Drop all images. Then write out each line below exactly as given.

Information shown:
———

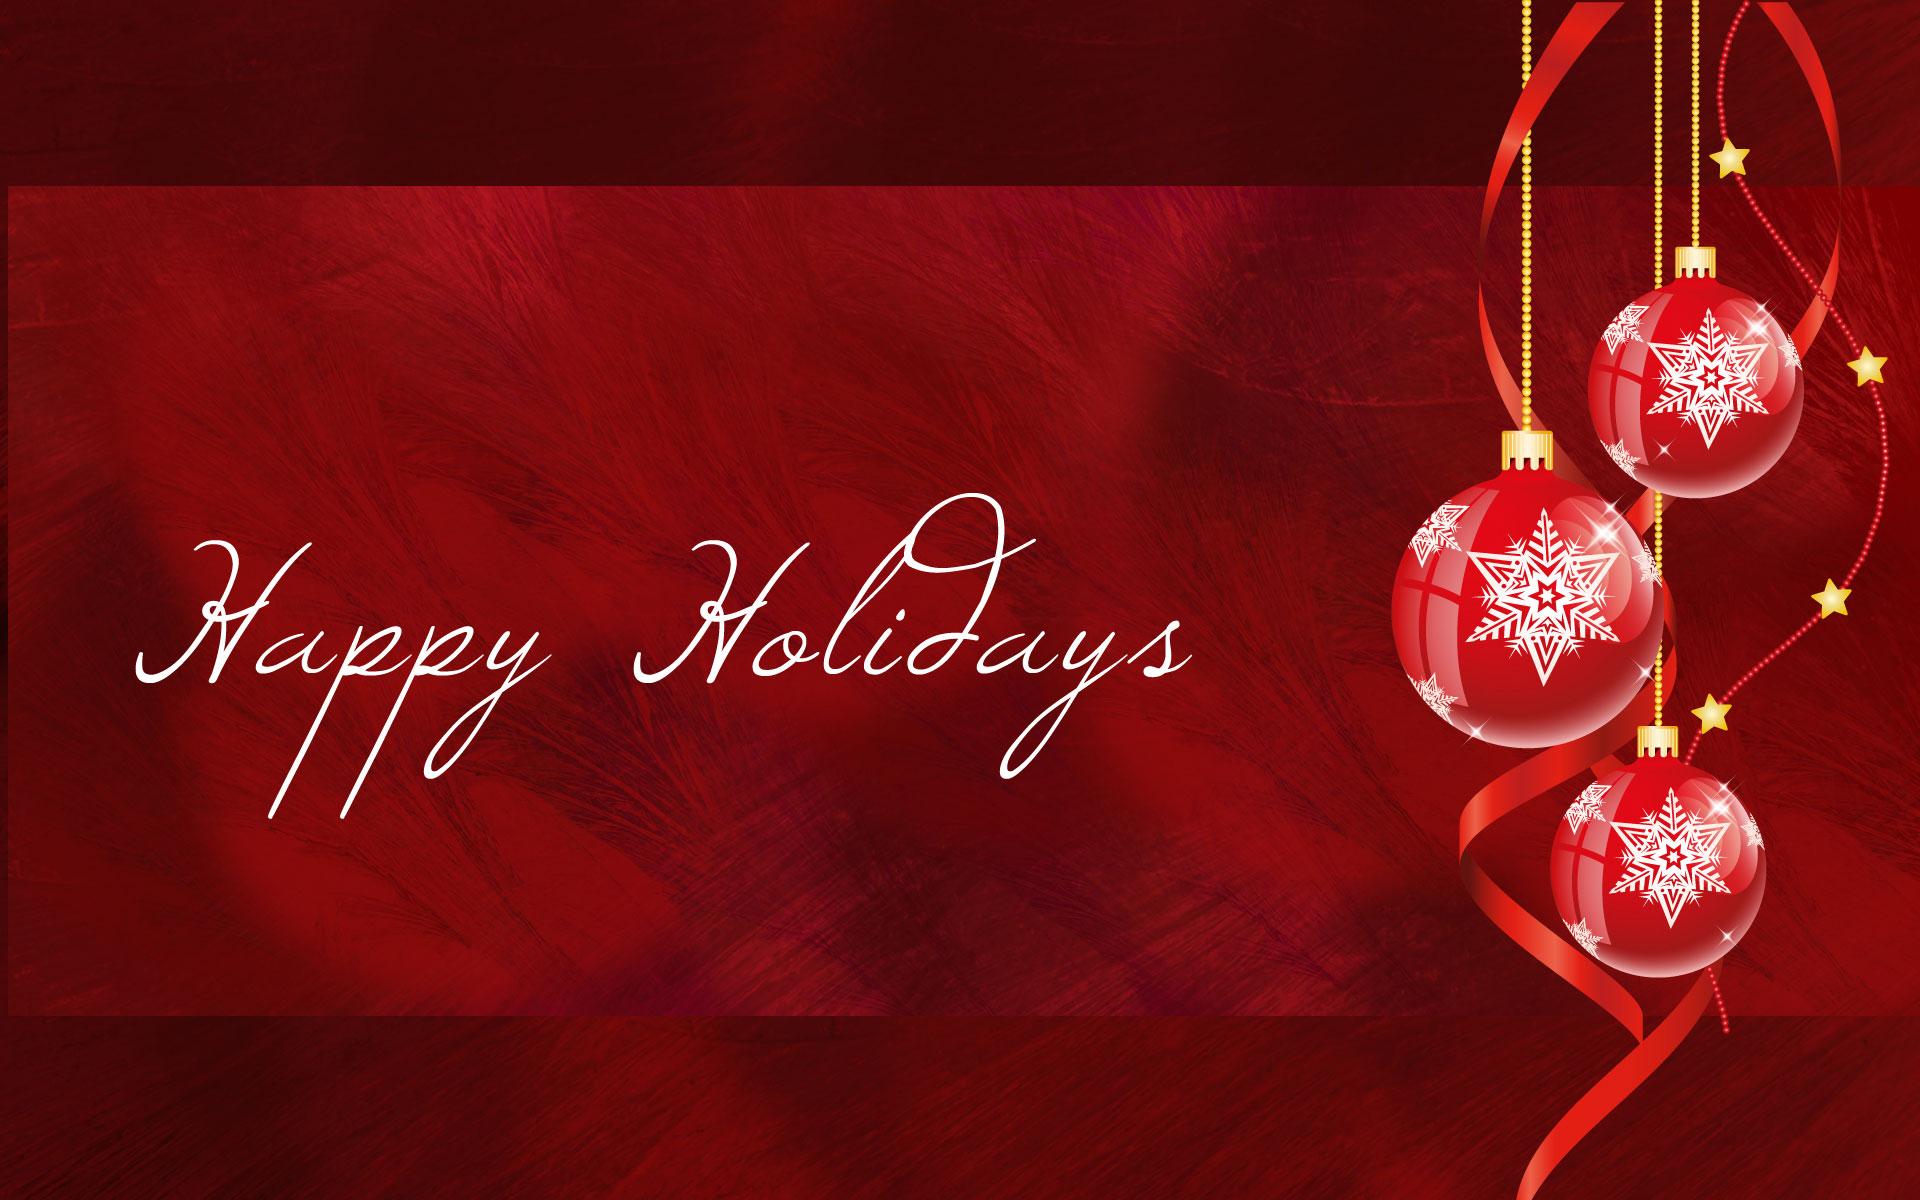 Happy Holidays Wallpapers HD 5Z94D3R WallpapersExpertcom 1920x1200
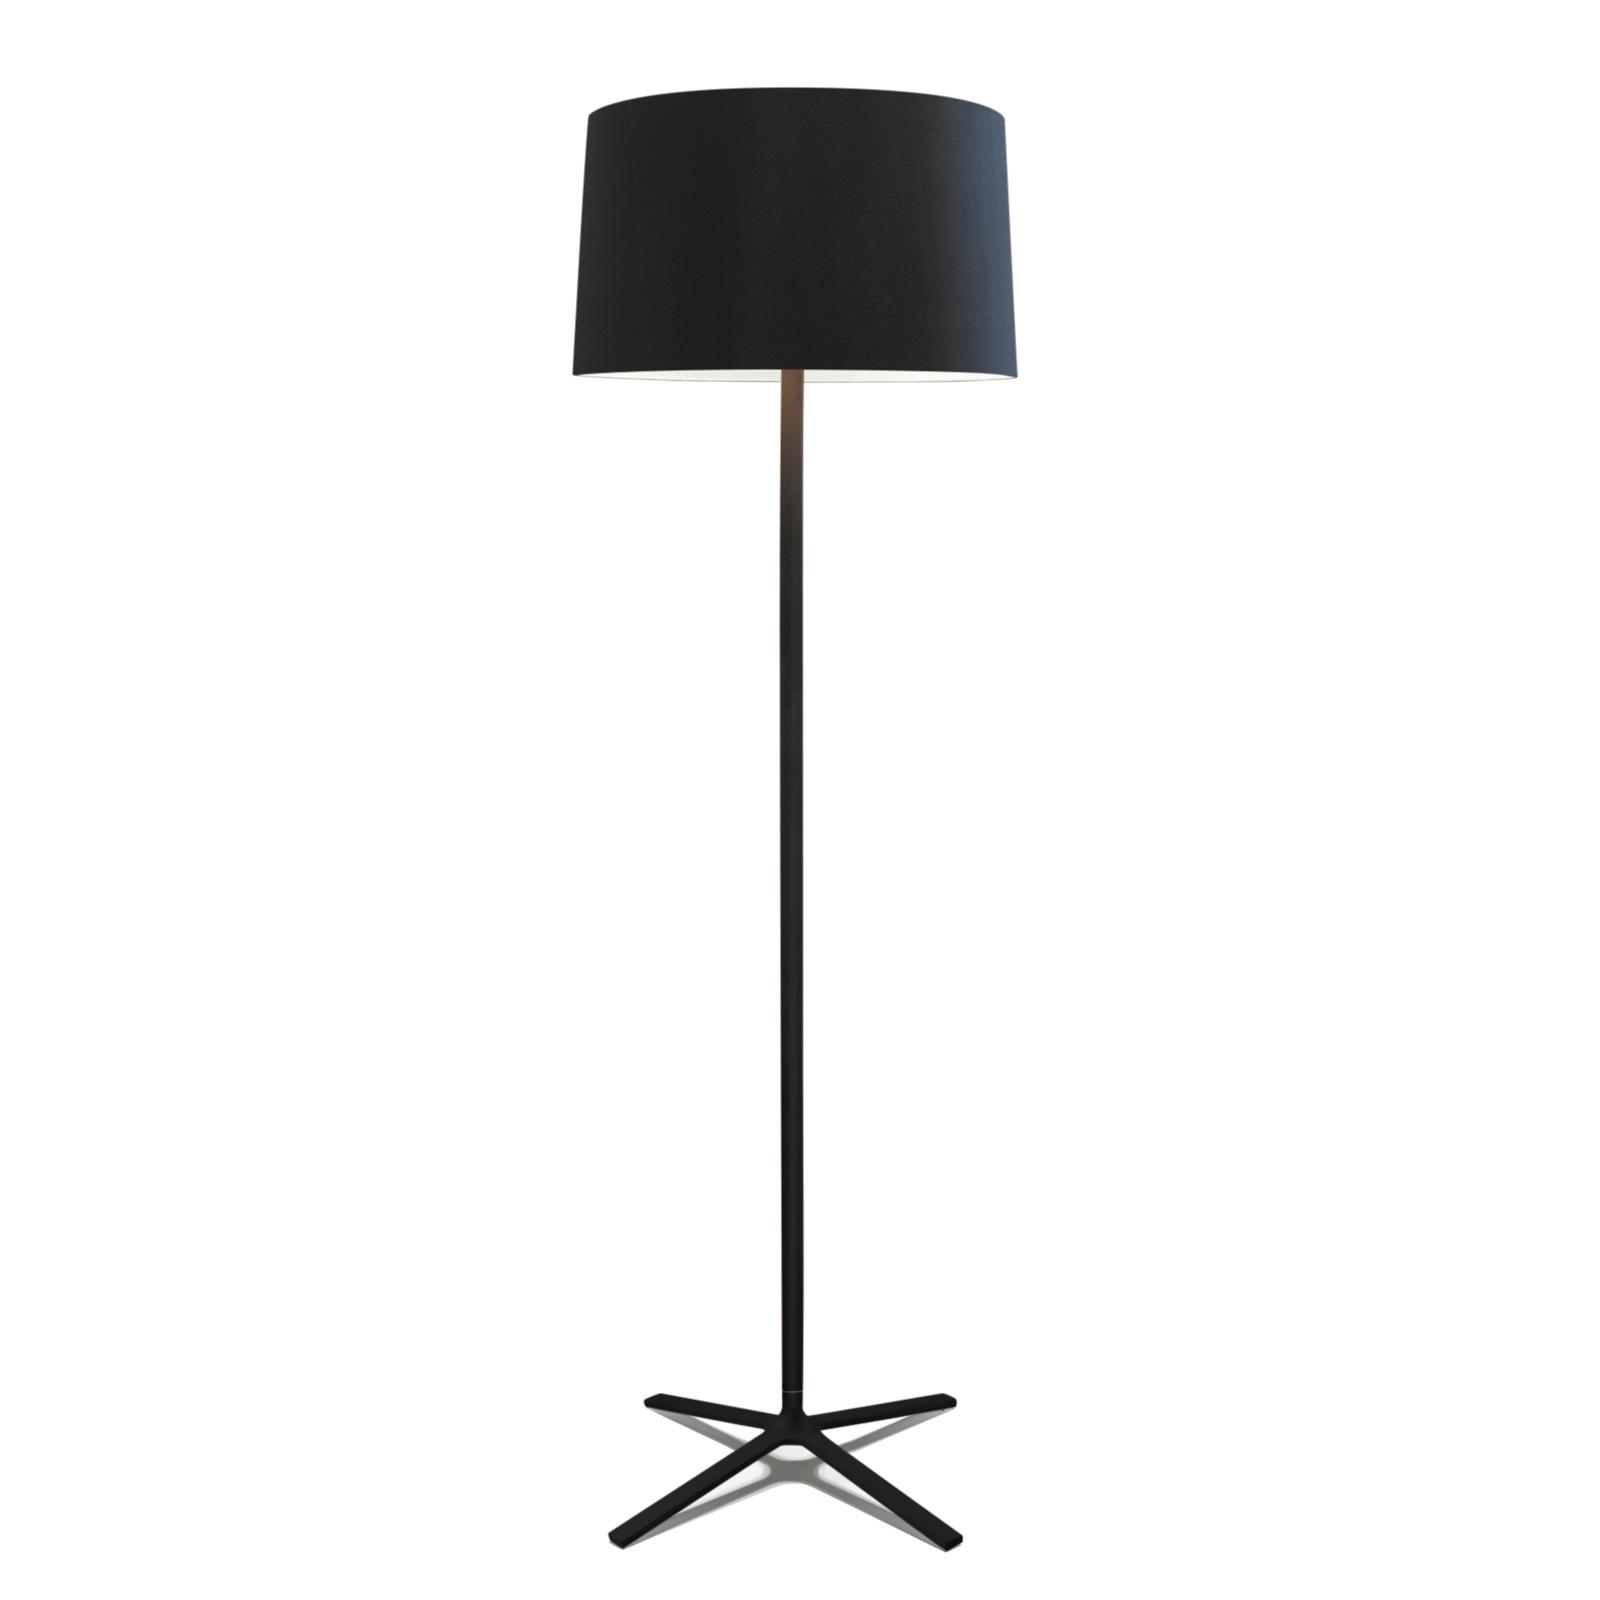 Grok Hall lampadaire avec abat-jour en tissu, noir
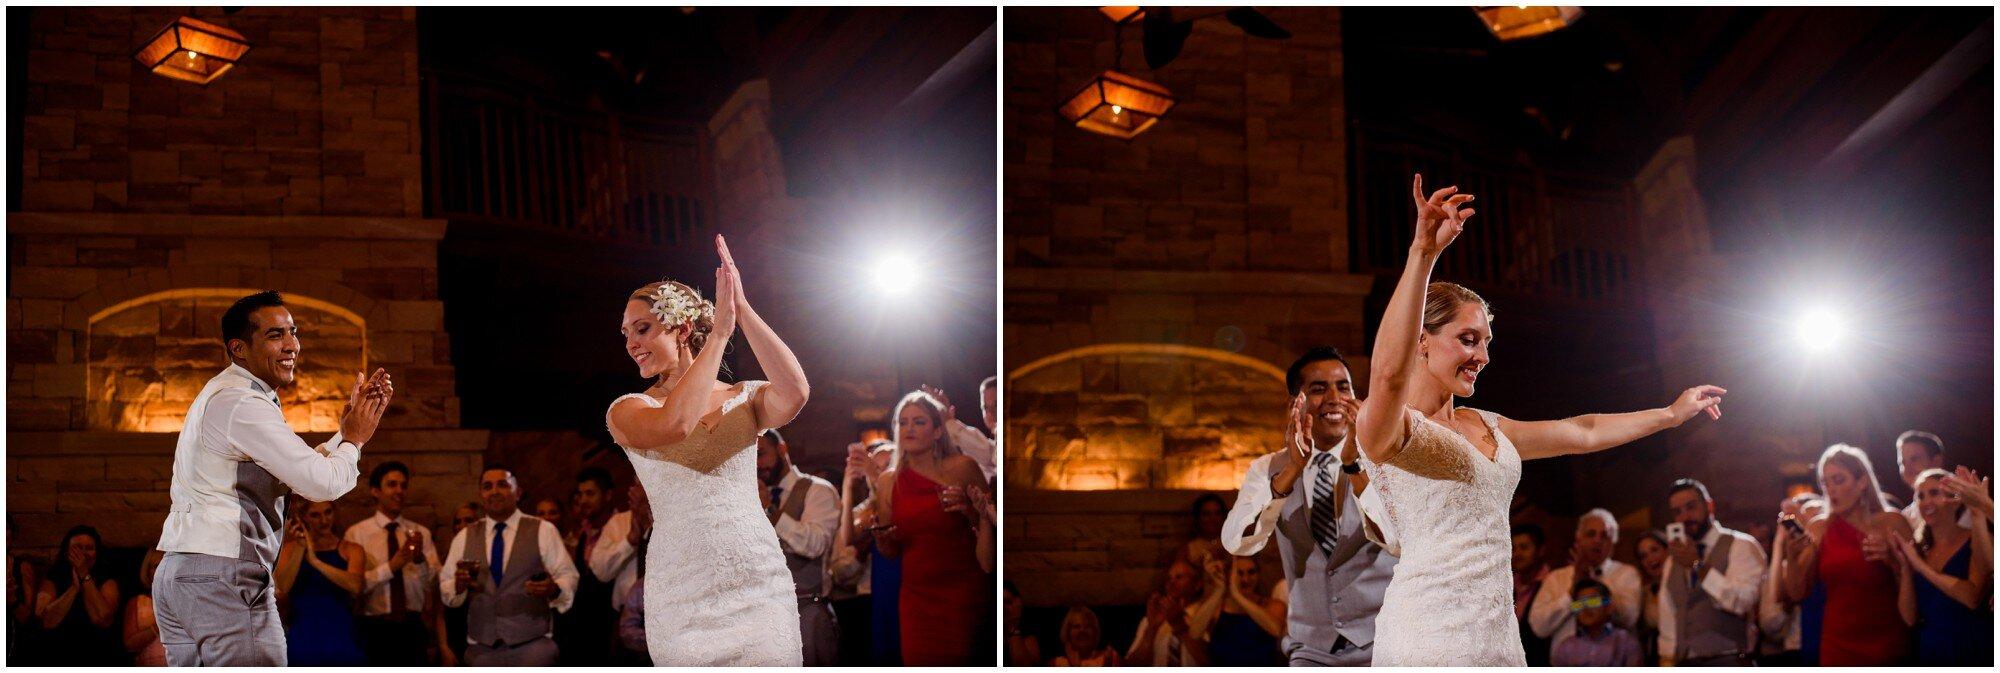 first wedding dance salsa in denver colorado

———

Output of the exercise:
 Happy Holidays Wallpapers HD 5Z94D3R WallpapersExpertcom 1920x1200
 Grok Hall lampadaire avec abat-jour en tissu, noir
 first wedding dance salsa in denver colorado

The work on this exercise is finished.